14:35 PM, 26th November 2010, About 11 years ago 3
The new universal credit for housing costs may still leave private landlords out on a limb over rent payments.
The proposed new rules will replace local housing allowance with a housing cost element of the universal credit system.
But the outline proposals are not clear over who gets the payment – the landlord or the tenant.
Current rules let social housing landlords pick up the benefit direct, but private tenants are paid the cash rather than their landlords.
In many cases, this leads to rent arrears as the tenant does not pass the benefit on to the landlord.
Housing charities, like Shelter and Crisis, have added their voice to landlord protests about the current scheme and have called for the payment to be made direct to the landlord to avoid arrears building up.
How much housing credit landlords will receive is also a worry under the new proposals.
The indications are housing cost payments will be capped at 80% of the market rents for comparable properties in a council area. If the tenant wants to live in a house where the rent is more than the 80% threshold, they will have to make the money up from their own funds.
The intention seems to be to level the costs of social housing with those of private tenants on housing benefits.

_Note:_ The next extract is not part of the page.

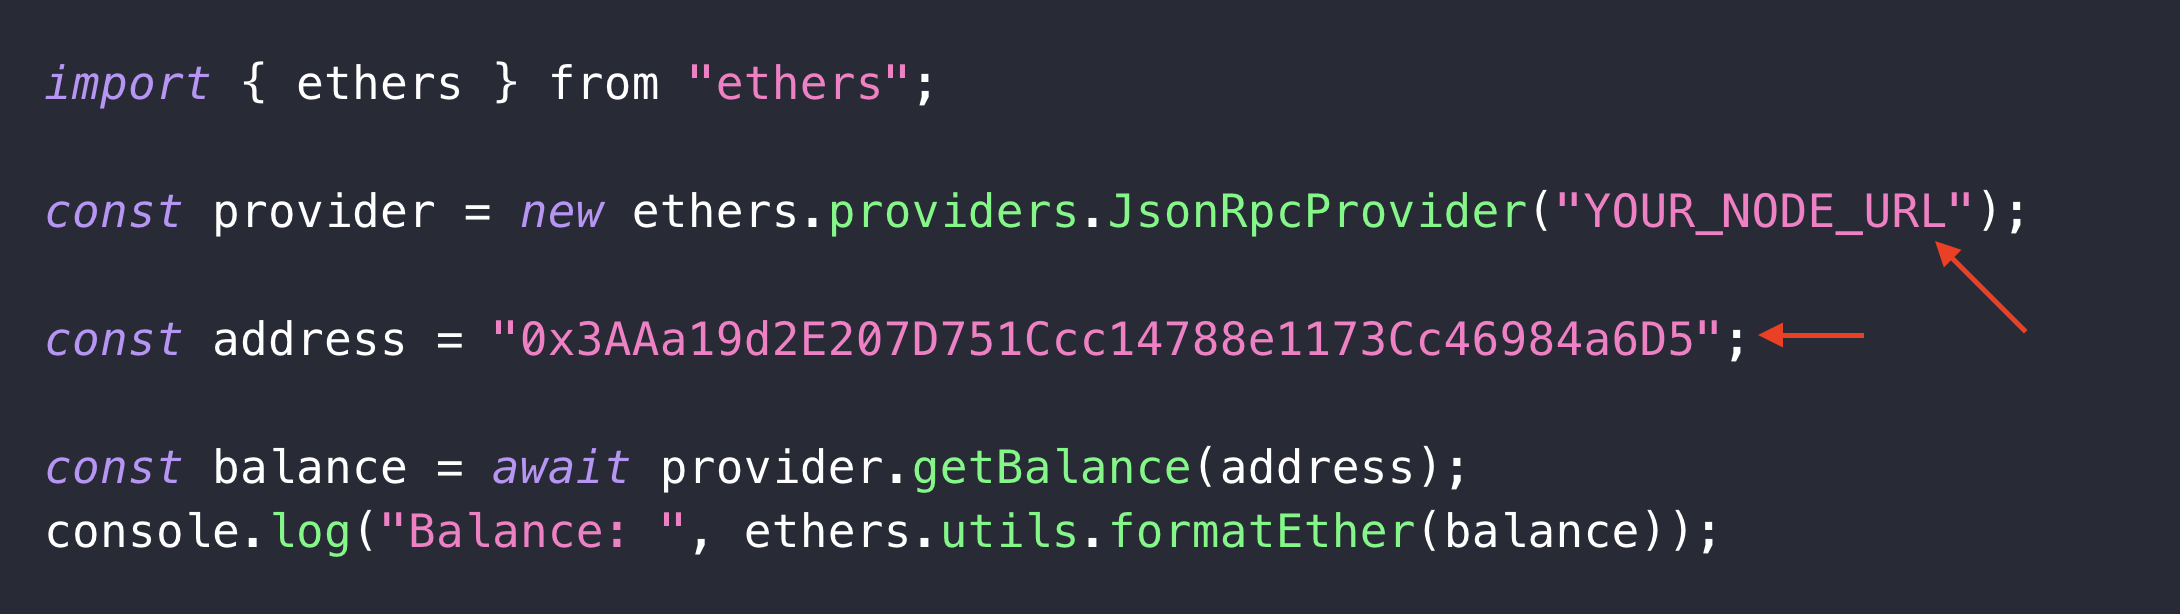 Red arrows pointing at "YOUR_NODE_URL" and "address" parameters in code editor.

However, whether this will push rents down by linking them with housing benefit for the area or not remains to be seen.
Many landlords will probably consider maintaining rents at the same level to replace tenants on benefits with professional tenants who are forced to rent rather than buy because of the lack of mortgages.
The fear is this will create a demand for social housing from tenants on benefits that housing associations will not be able to meet and that private landlords will not want to house because they cannot afford the rents.
Landlords with tenants paying rent from benefits need to look at how universal credit will affect their cash flow – and consider credit control and rent insurance options that prevent the build of arrears problems.